И все-таки здесь было лучше, чем дома. Хотя бы потому, что не чувствовалось на каждом шагу почти неприкрытой слежки. Здесь можно было надеяться, что хоть кто-нибудь говорит с тобою не для того, чтобы выведать твои мысли и донести в гестапо.

Эгон потянулся, намереваясь встать, но поблизости хрустнули ветви под чьими-то шагами. Он снова опустился в траву. Ему не хотелось ни с кем встречаться.

Шаги приблизились и замерли рядом.

Эгон еще некоторое время полежал тихо, потом осторожно выглянул из-за кустов и увидел Рудольфа Цихауэра, рисовальщика из его собственного конструкторского бюро. Он знал, что Цихауэр – немец и антифашист, – не то такой же полубеглец, как он сам, не то попросту эмигрант. Во всяком случае – человек, с которым можно было поговорить, не боясь доноса.

Эгон молча следил за тем, как Цихауэр раскинул на коленях альбом и взялся за карандаш.

– Пейзаж кажется вам привлекательным? – спросил Эгон.

– Вероятно, на свете есть более красивые места, но мне хочется зарисовать это на память.

– Вы намерены уехать?

– Едва ли наши дорогие соотечественники будут интересоваться моим желанием, когда придут сюда.

– Вы уверены, что это случится?

– Так же, как в том, что они с удовольствием отправили бы меня обратно в Германию… Но мне-то этого не хочется!

За минуту до того Эгон думал о своем отечестве ничуть не более нежно, но ему было неприятно слышать это из уст другого. В душе поднималось чувство протеста, смешанное с чем-то, похожим на стыд.

– Можно подумать, что вы не немец, – с оттенком обиды проговорил он.

– А разве вы сами, доктор, не бежали сюда?

– Это совсем другое дело.

– А мне сдавалось, что и вас тошнило от Третьего рейха.

Эгон пожал плечами. Он не знал, что ответить. В душе он был согласен с художником, но повторить это вслух…

Цихауэр принялся точить карандаш. Бережно снимая тоненькие стружечки, насмешливо цедил:

– Вам не нравится, что, ложась спать, вы не боитесь быть разбуженным кулаком гестаповца, вам скучно без концлагерей? – И он протянул руку, указывая на мирную панораму завода. – Будет, милый доктор, все будет. И очень скоро!

– Этому я не верю! – живо возразил Эгон, поднимаясь с травы. Волнение не позволяло ему больше оставаться неподвижным. – Объясните мне: почему я должен бороться здесь против всего немецкого? Я этого не понимаю.

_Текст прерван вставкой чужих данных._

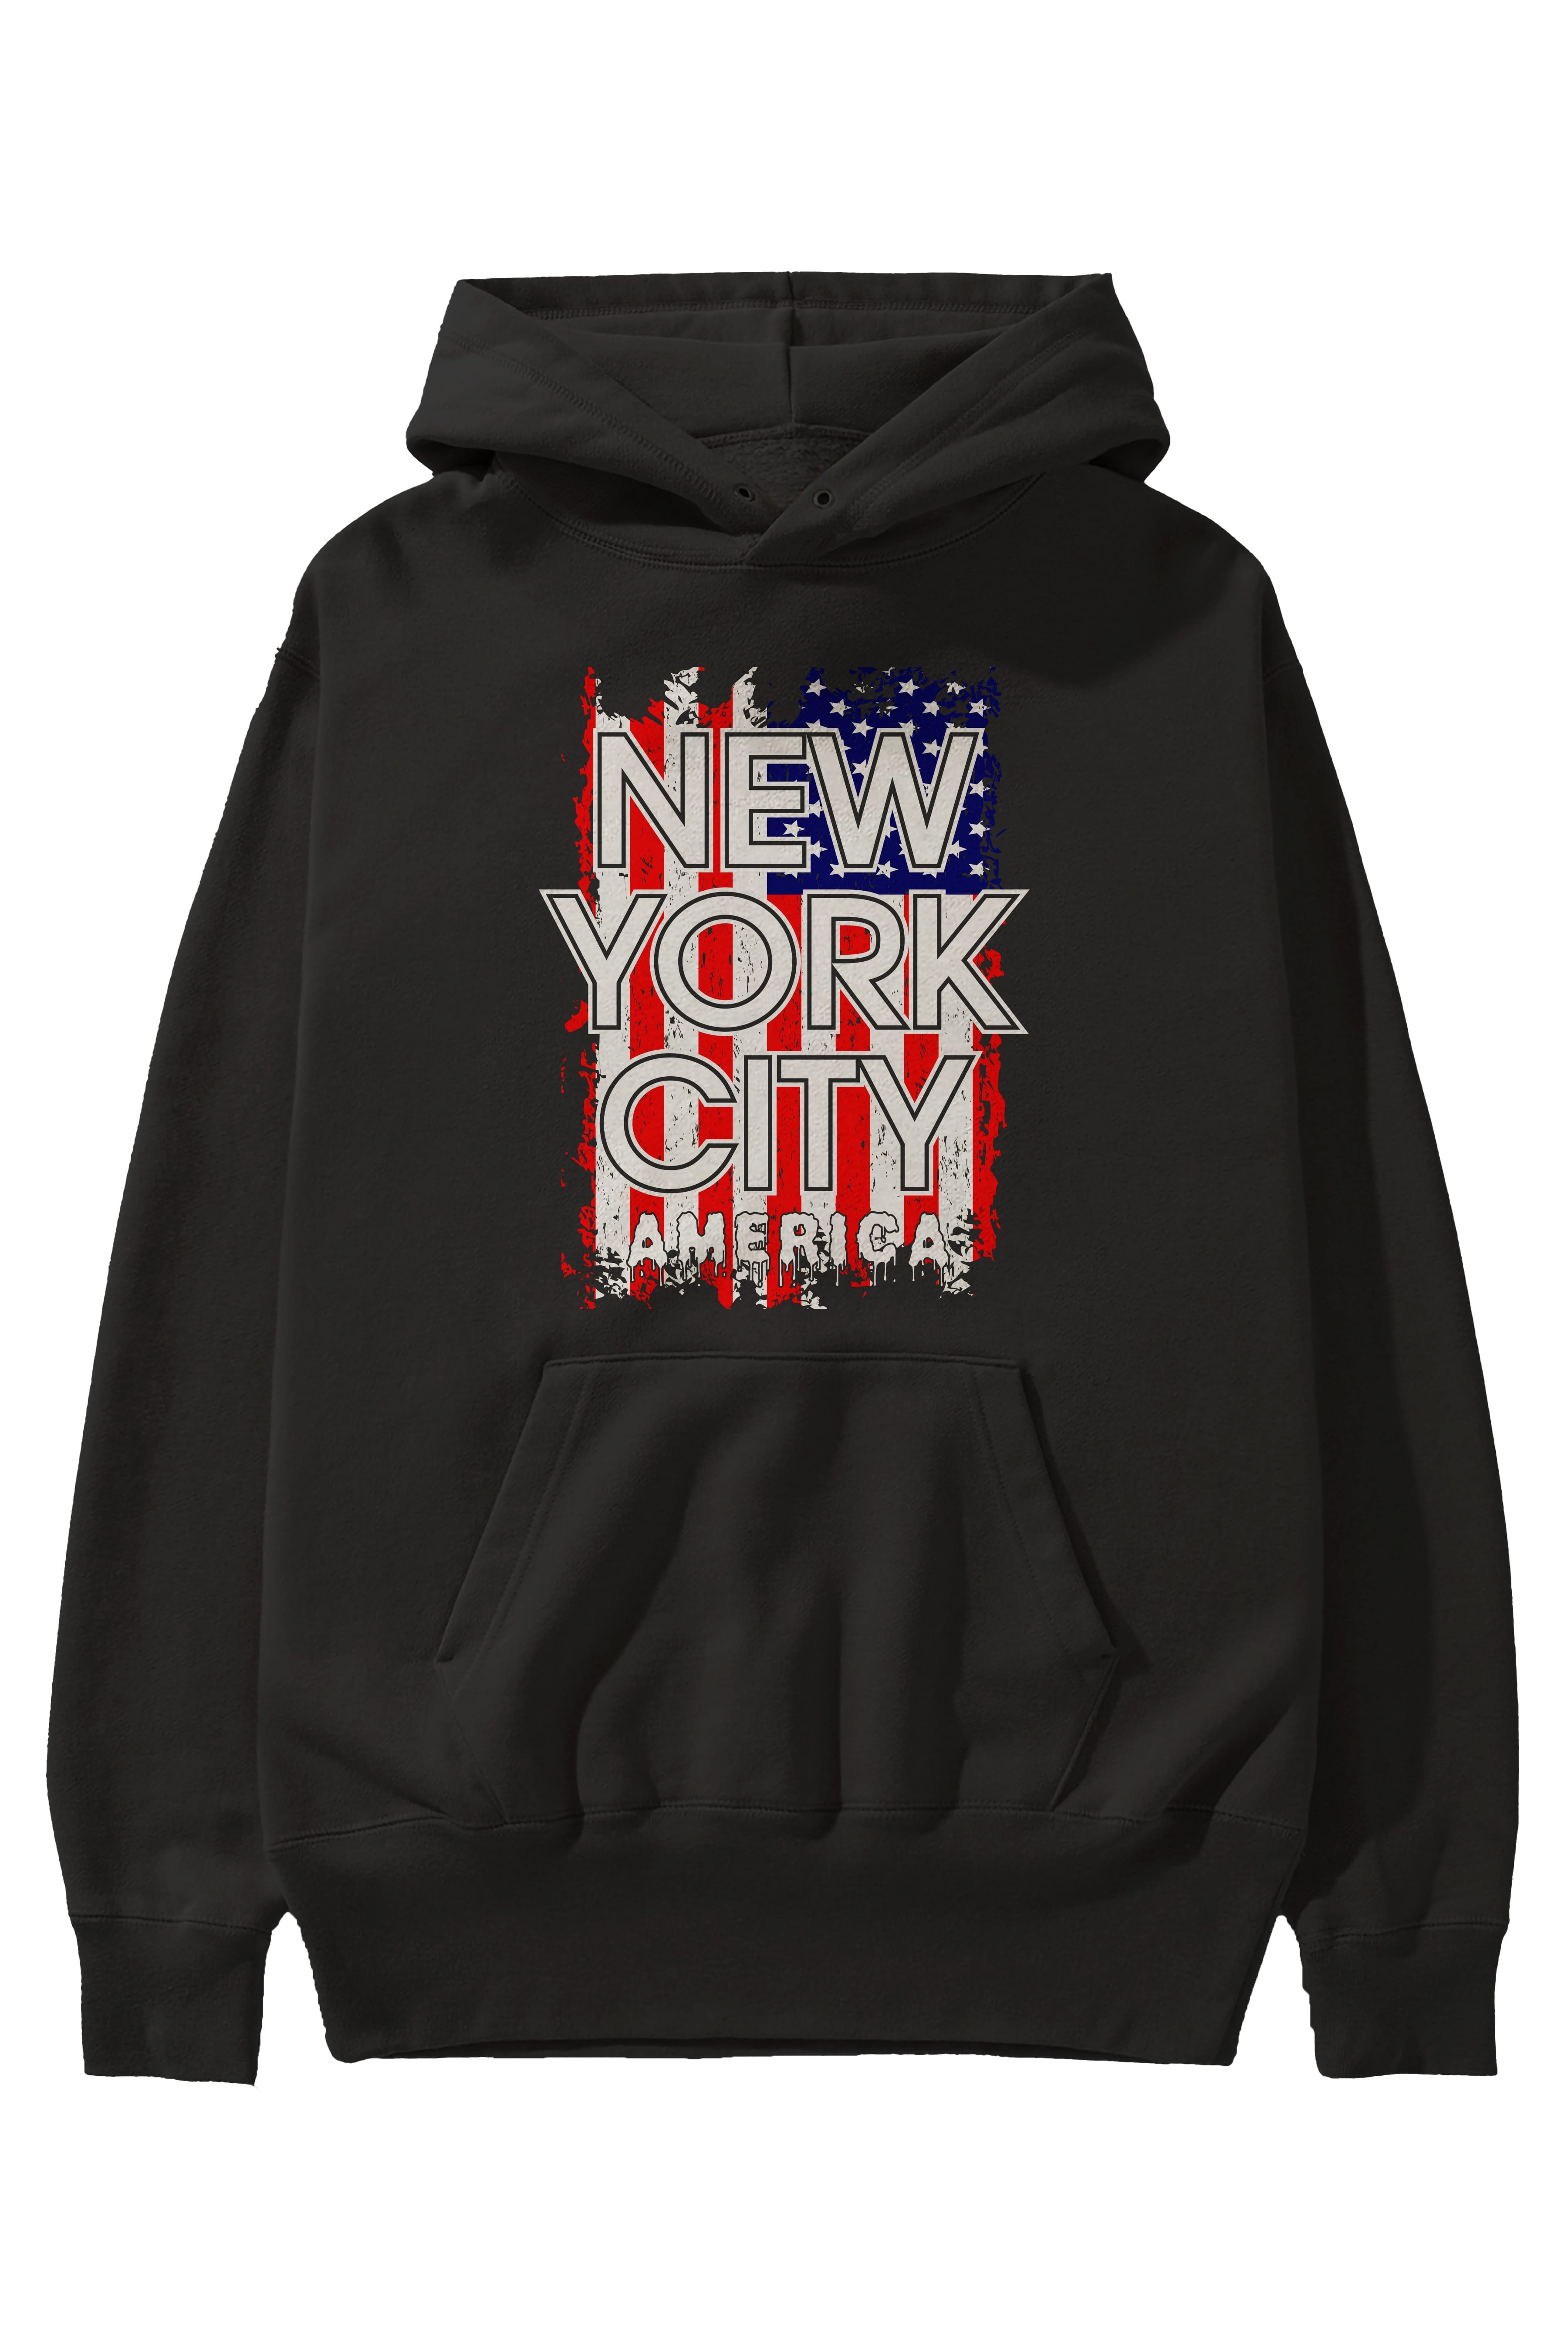 New York City 2 Ön Baskılı Oversize Hoodie Kapüşonlu Sweatshirt Erkek Kadın Unisex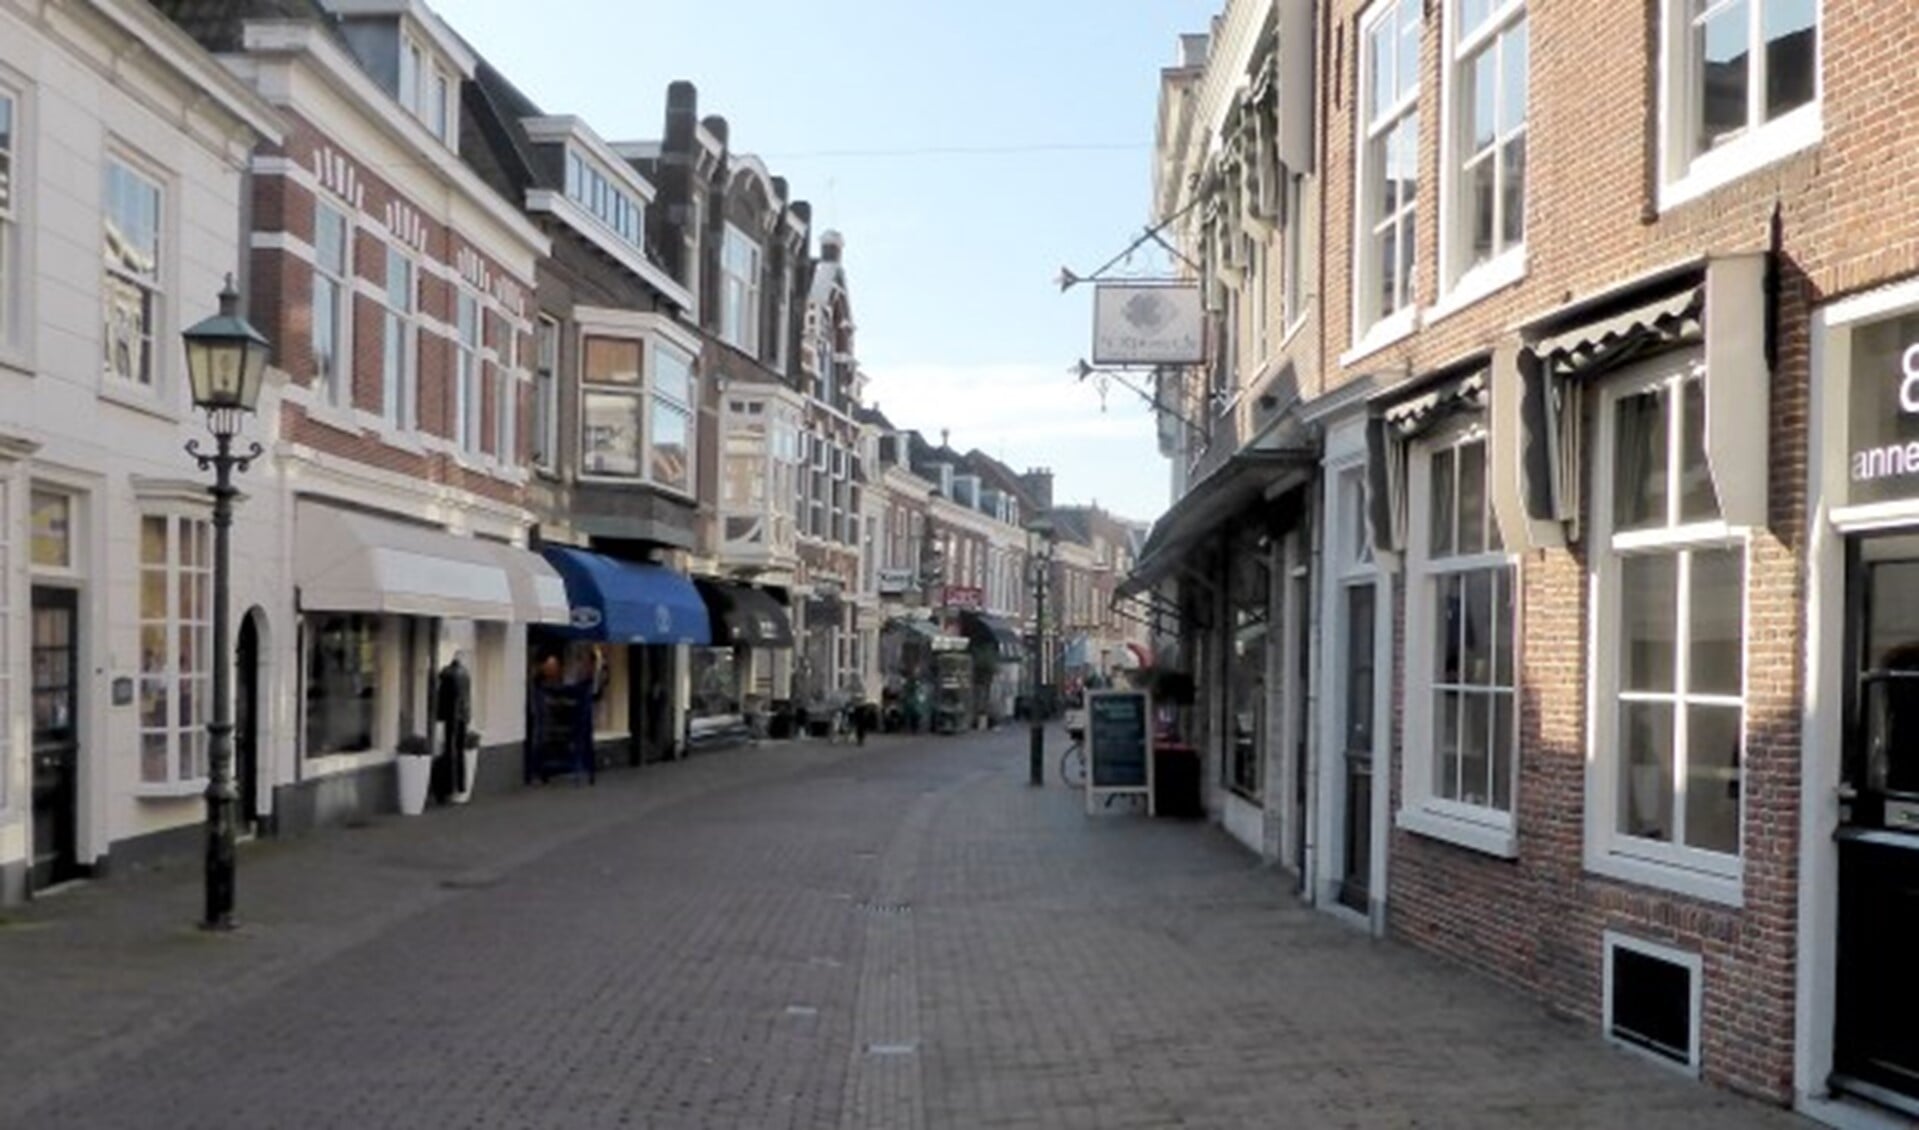 De Herenstraat als middelpunt van het oude centrum van Voorburg (archieffoto).

– Если вы не понимаете, то…

– Что же?

– …сами погибнете вместе с ними, с этими негодяями, изображающими себя носителями некой «германской идеи», а на самом деле являющимися отъявленными грабителями и убийцами. Именно из-за того, что болото «не поняло» вовремя, что грозит ему на пути с Гитлером, оно и пошло за ним. Вместе с ним оно и исчезнет!

Машинально сплетая гибкие прутики, Эгон слушал.

– Все это не так просто, – сказал он в раздумье. – Может быть, есть доля правды в том, что говорит патер Август…

– Август Гаусс?

Цихауэр покосился на Эгона. Но тот не заметил этого взгляда и продолжал:

– Он говорит, что теперь, когда Гитлер делает общенемецкое дело…

– Это говорит Август Гаусс, тот самый патер Гаусс? – Цихауэр захлопнул альбом и поднял лицо к собеседнику. – Вы совершенно забыли Лемке?

– Ах, Цихауэр! – почти в отчаянии воскликнул Эгон. – С чужой земли все это выглядит иначе. Может быть, я немного запутался…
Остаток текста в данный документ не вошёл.